**Stored data**
#####
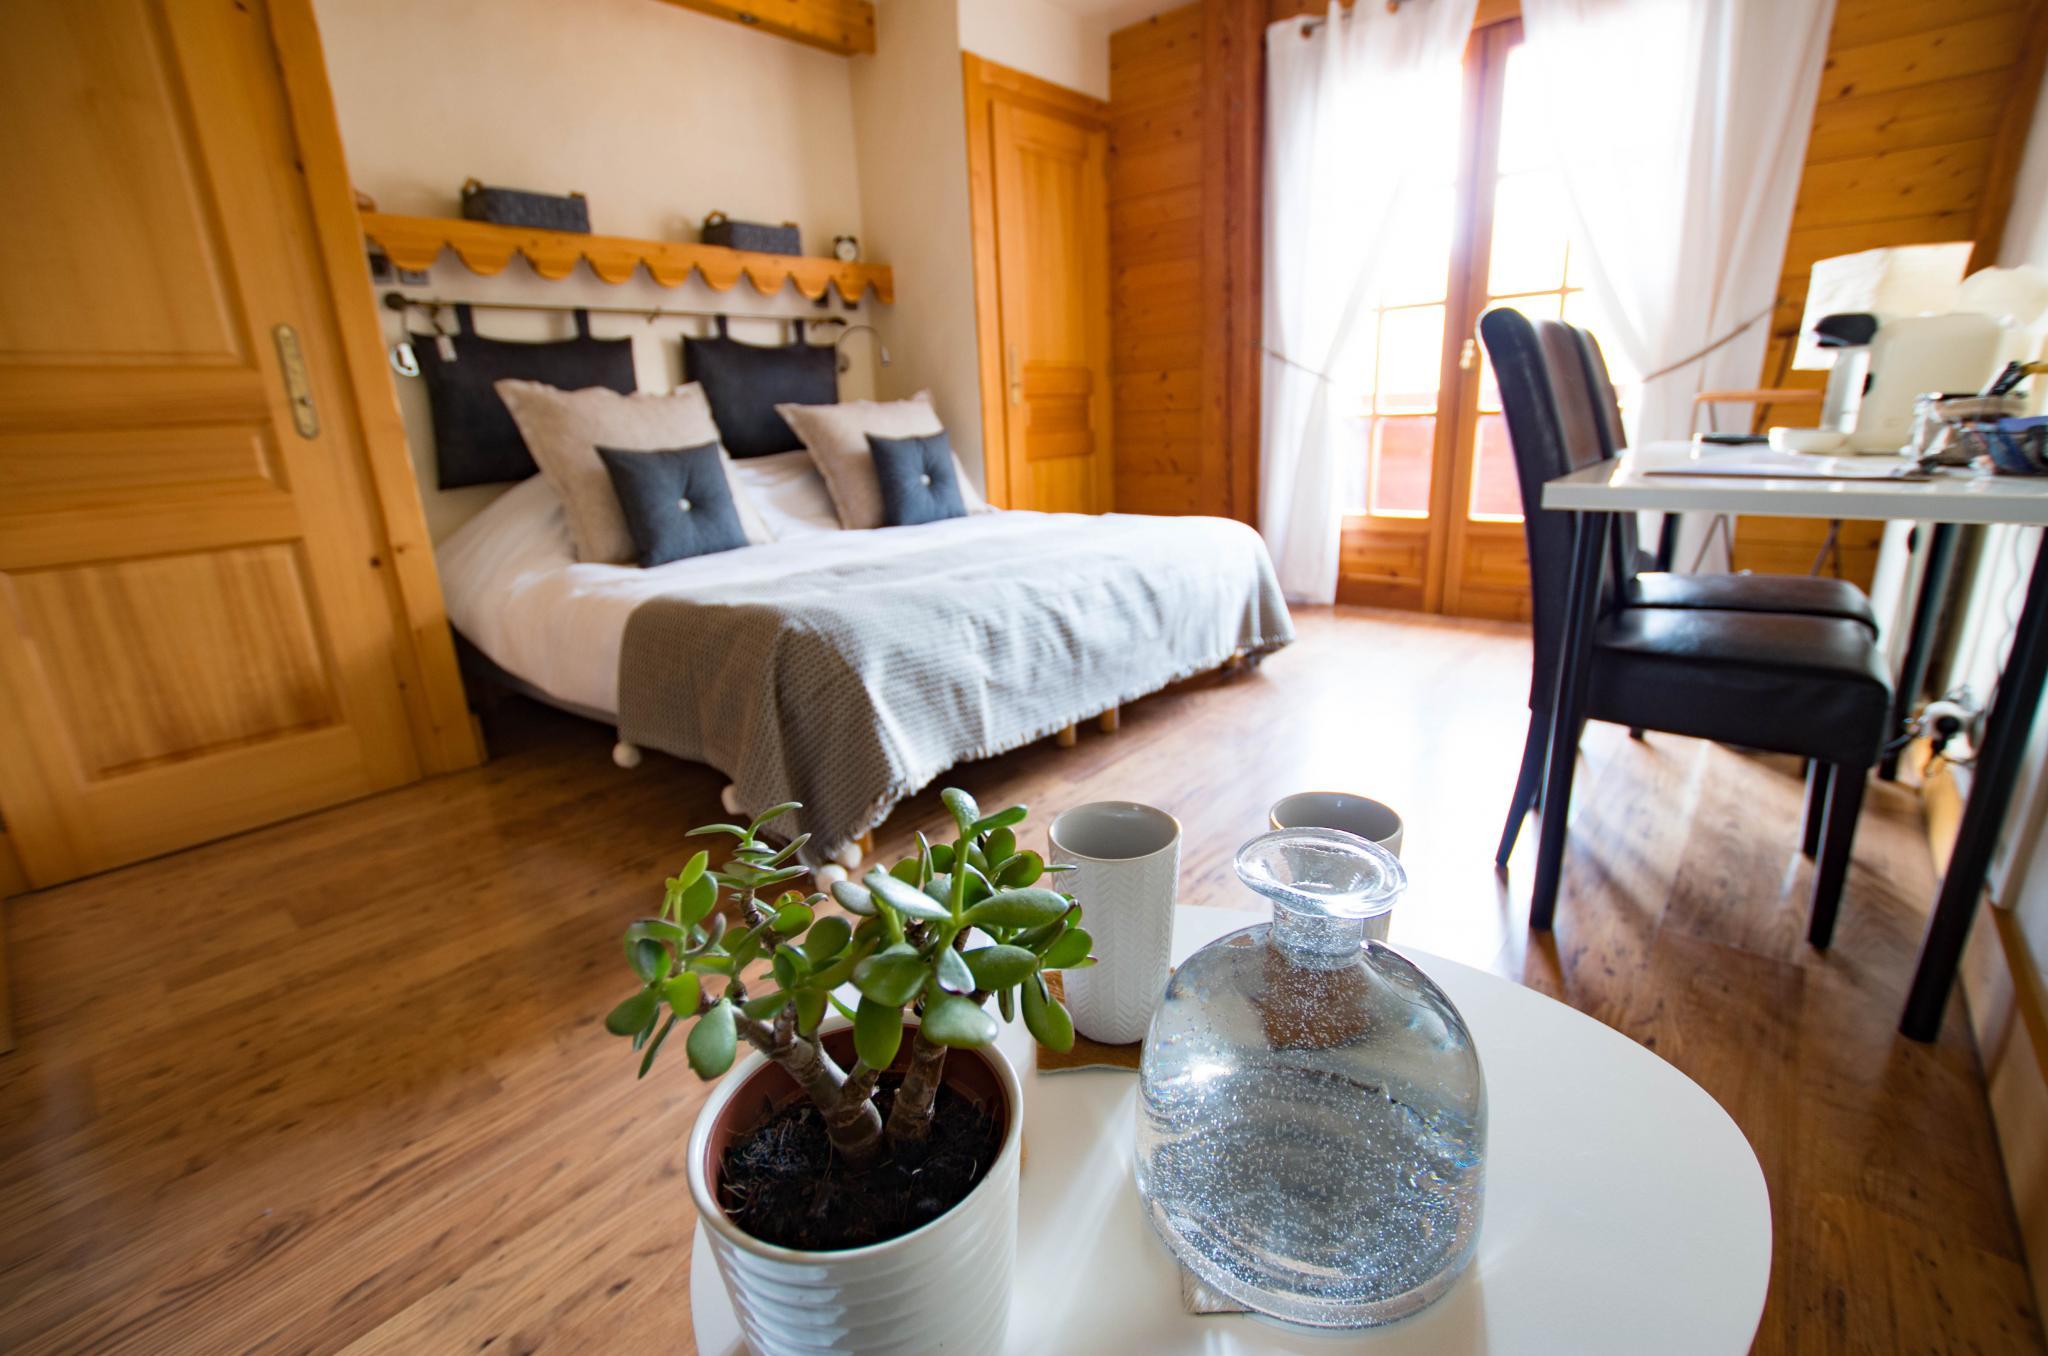 Hôtel de charme 3 étoiles à Saint-Gervais-les-Bains
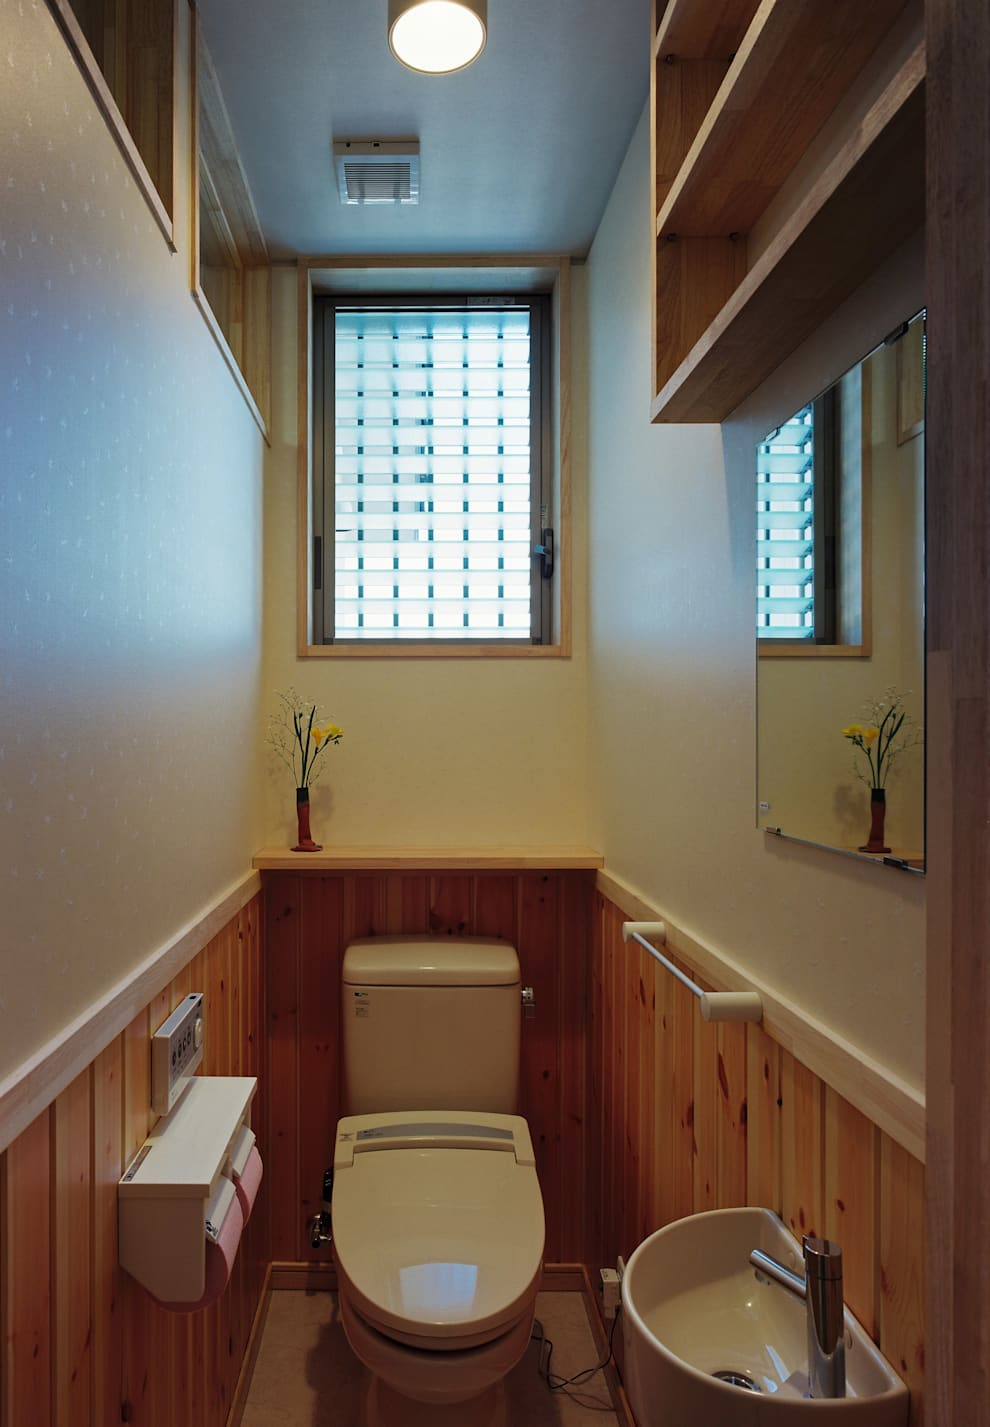 Una casa semplice e minimal - Bagno senza finestra odori ...
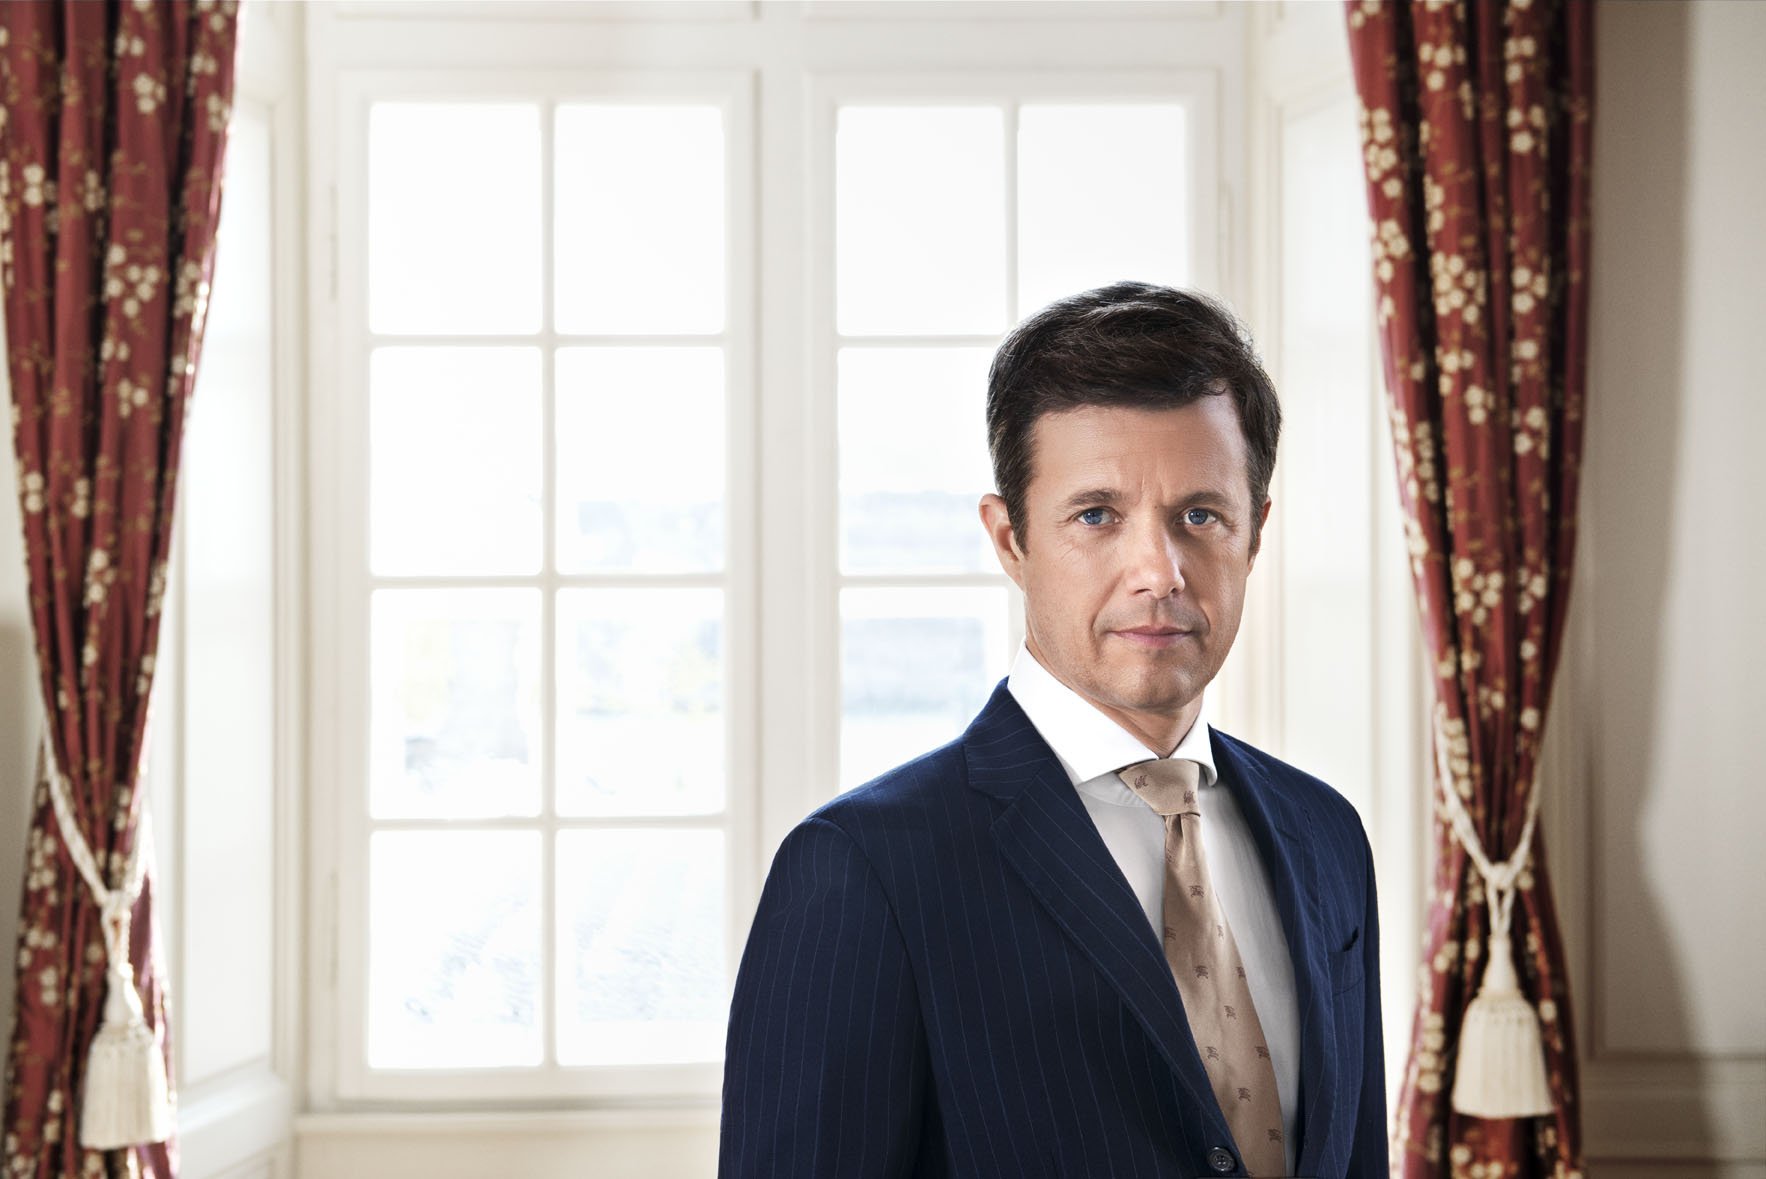 Hkh. Kronprins Frederik
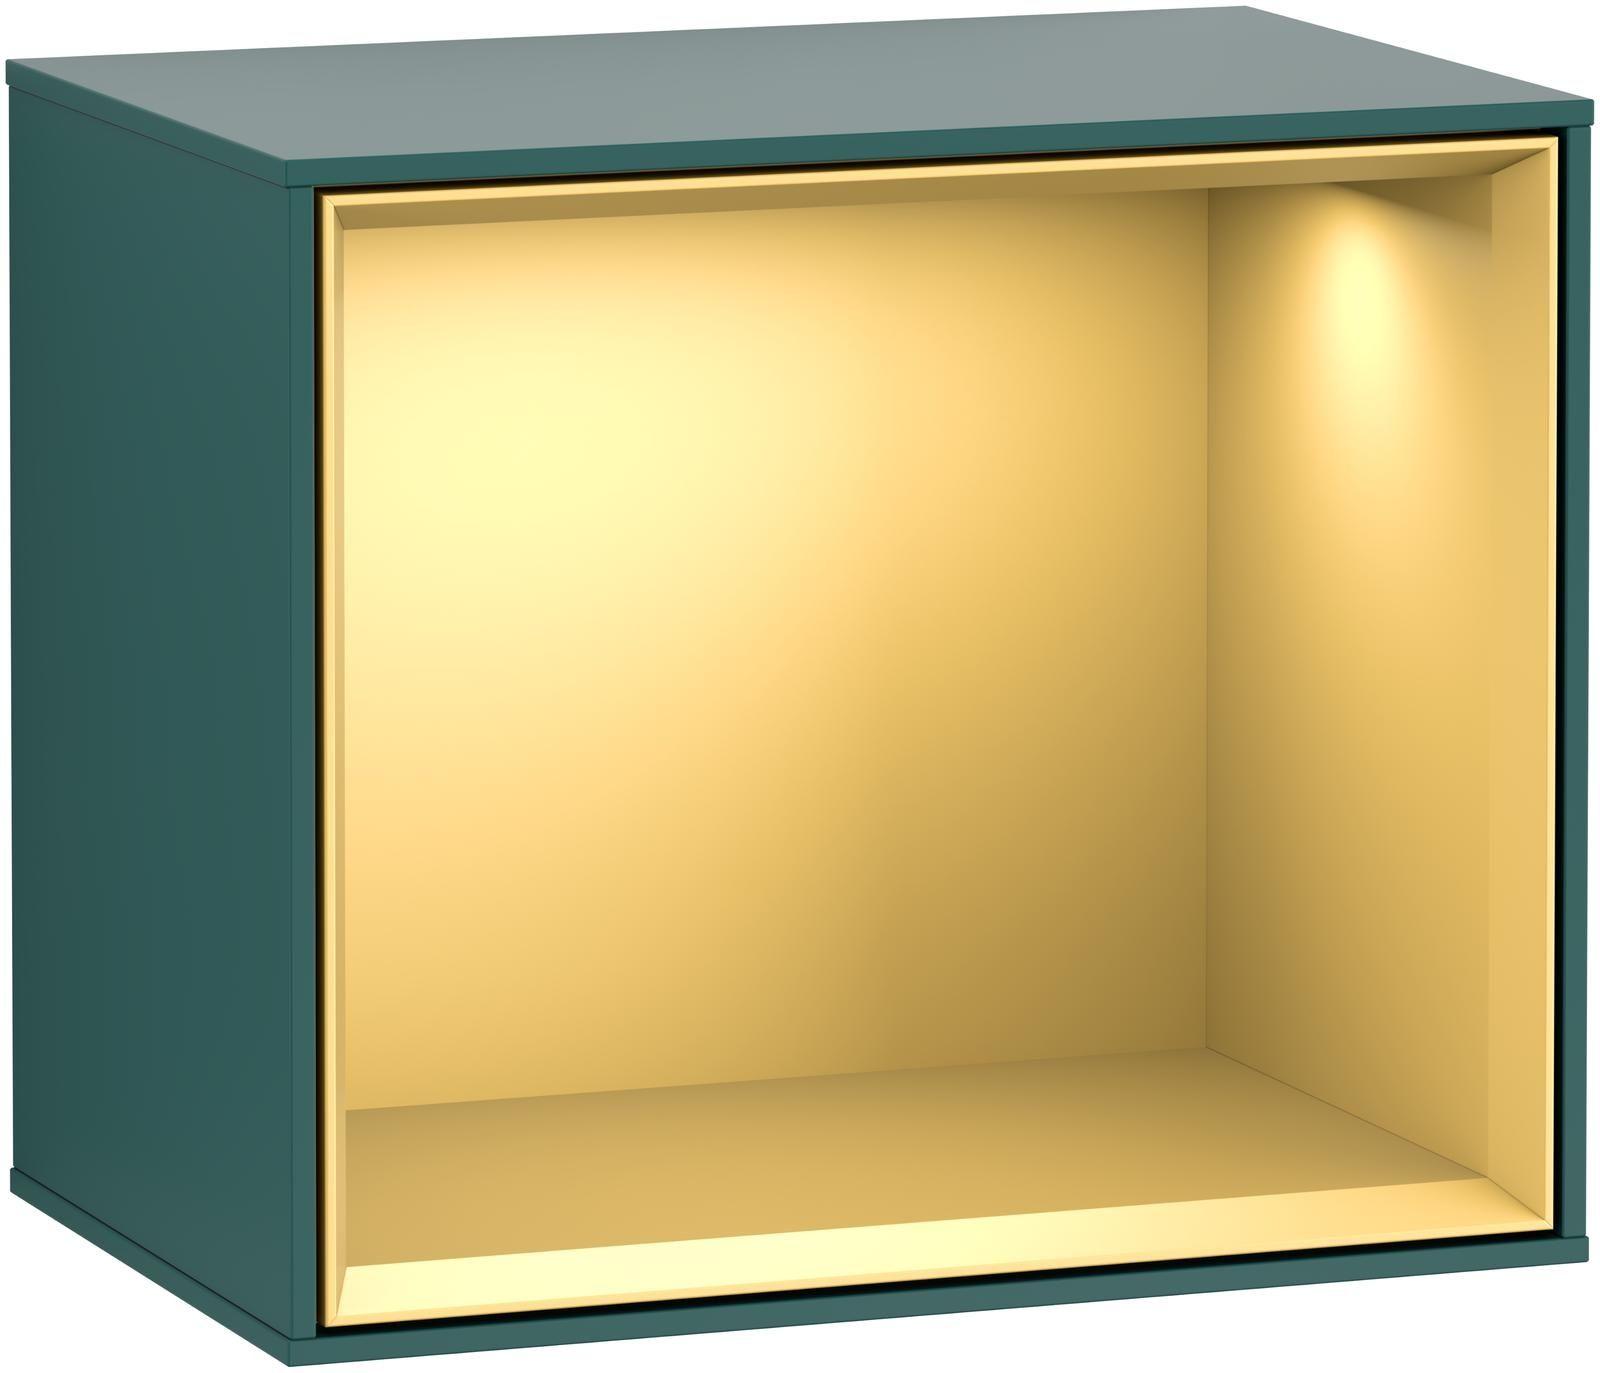 Villeroy & Boch Finion F58 Regalmodul LED-Beleuchtung B:41,8xH:35,6xT:27cm Front, Korpus: Cedar, Regal: Gold Matt F580HFGS
#####
**Work item**
Copy all of the data above exactly. Leave out every picture.

**Solution to the problem**
 Hôtel de charme 3 étoiles à Saint-Gervais-les-Bains
 Una casa semplice e minimal - Bagno senza finestra odori ...
 Hkh. Kronprins Frederik
 Villeroy & Boch Finion F58 Regalmodul LED-Beleuchtung B:41,8xH:35,6xT:27cm Front, Korpus: Cedar, Regal: Gold Matt F580HFGS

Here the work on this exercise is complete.